Нунций не стал терять времени даром, а немедля послал людей проведать, где живет русский, каково живет, собрать о нем достоверные слухи. Нунцию донесли, что русский живет у христианина, живет худо, а в Индии, похоже, действительно был. Тогда и отправил папский посол своего секретаря звать Никитина на беседу.
Под жалобы настоятеля нунций думал о своем, прислушиваясь более к доносившемуся до слуха скрипу саней, чем к печалям братьев во Христе.
Внезапно его полное, помятое лицо с синеватыми мешочками под глазами, лицо человека сластолюбивого и хорошо пожившего, оживилось. Настоятель, уловив эту перемену, обрадовался. Он как раз просил нунция пособничества в защите монастырских интересов. Но папский посол оборвал настоятеля на полуслове:
— Хорошо, хорошо, я подумаю… Мы решим. А сейчас дела престола господня зовут меня. Амен, брат.
Настоятель смиренно вышел из кельи, притворив беззвучную дверь. Высокий сан папского посла не позволял монаху поступить иначе. А нунций, едва дверь затворилась, встал с кресла, потер руки, и на его бесстрастном дотоле лице появилось выражение добродушной приветливости и благожелательного интереса. Нунций сделал шаг вперед, и почти тотчас в дверь постучали. Папский секретарь с поклоном пропустил в келью русского путешественника. Нунций, улыбаясь, протянул вперед обе руки. Путешественник произвел на него впечатление. Он был рослым, крепким и, хотя чувствовалось, что недавно перенес тяжелую болезнь, не казался слабым.
— Благословение божие да пребудет над тобою! — произнес нунций на русском языке. — Войди с миром!
— Спасибо тебе, — ответил Никитин. — Да спасет Христос и тебя.
Афанасий быстрым взглядом обвел келью. Она мало походила на монашескую. Пол застлан ковром, на постели с балдахином атласное одеяло, стольцы с резными спинками, стол под бархатной алой скатертью. Нунций, по-прежнему благодушно улыбаясь, сделал жест в сторону кресла. Никитин прошел вперед, сел. Нунций, подбирая полы лиловой мантии, опустился в столец против Афанасия.
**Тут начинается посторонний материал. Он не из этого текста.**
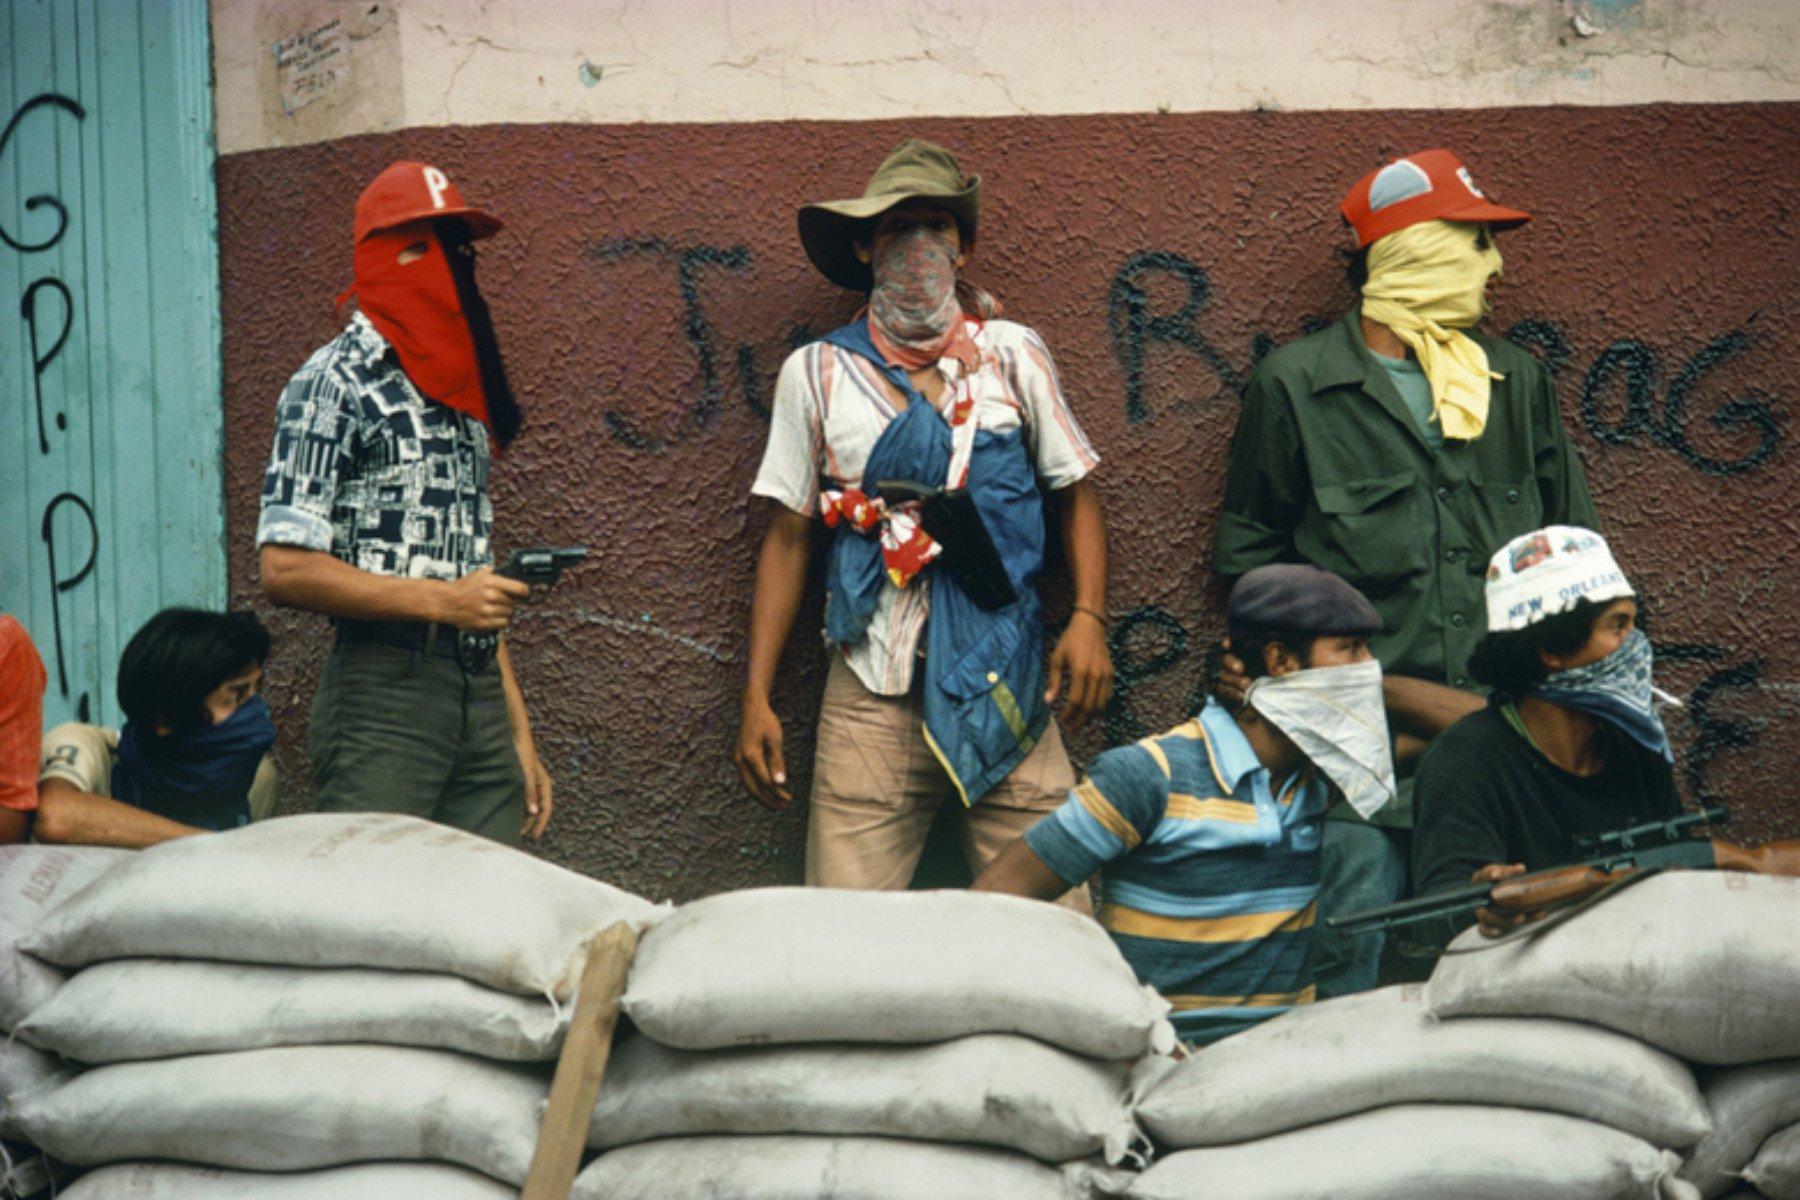 Muchachos warten auf den Gegenangriff der Nationalgarde. Matagalpa, Nicaragua

— Человек подвержен слабостям, даже если он близок к престолу наместника Христа на земле! — легким тоном, показывающим, что он видит в Афанасии равного, способного оценить шутку человека, начал нунций и чуть-чуть прищурился. — Любопытство, погубившее род человеческий, живет и в нас, грешных. Но нынче я благословляю его, ибо оно вселило мне в душу желание увидеть путешественника, о котором идет столь много толков.
Афанасий усмехнулся:
— Не так уж я любопытен, отче. Слухам верить не стоит. Наговорят всякого.
— Но слухи подтверждены твоим богатым даром православной церкви. Нет, нет! В сердце моем нет упрека и неправедных помыслов. Уважение к вере радует каждого истинного служителя господа бога. Я хочу только сказать, что люди знают о твоем путешествии в Индию. Об этом много говорят. Вот я и захотел увидеть своими очами человека, побывавшего там, куда мы еще не знаем пути. И я рад нашей встрече.
Афанасий нагнул голову:
— Коли так, и я рад, отче.
— Правда ли, что ты был… в Индии?
— Да.
Нунций быстро потер руки.
— Сын мой! — торжественно произнес он. — Мы люди разных церквей. Но веруем мы в единого бога. Как брату по вере скажи мне, не ослышался ли я? И ты можешь подтвердить свои слова?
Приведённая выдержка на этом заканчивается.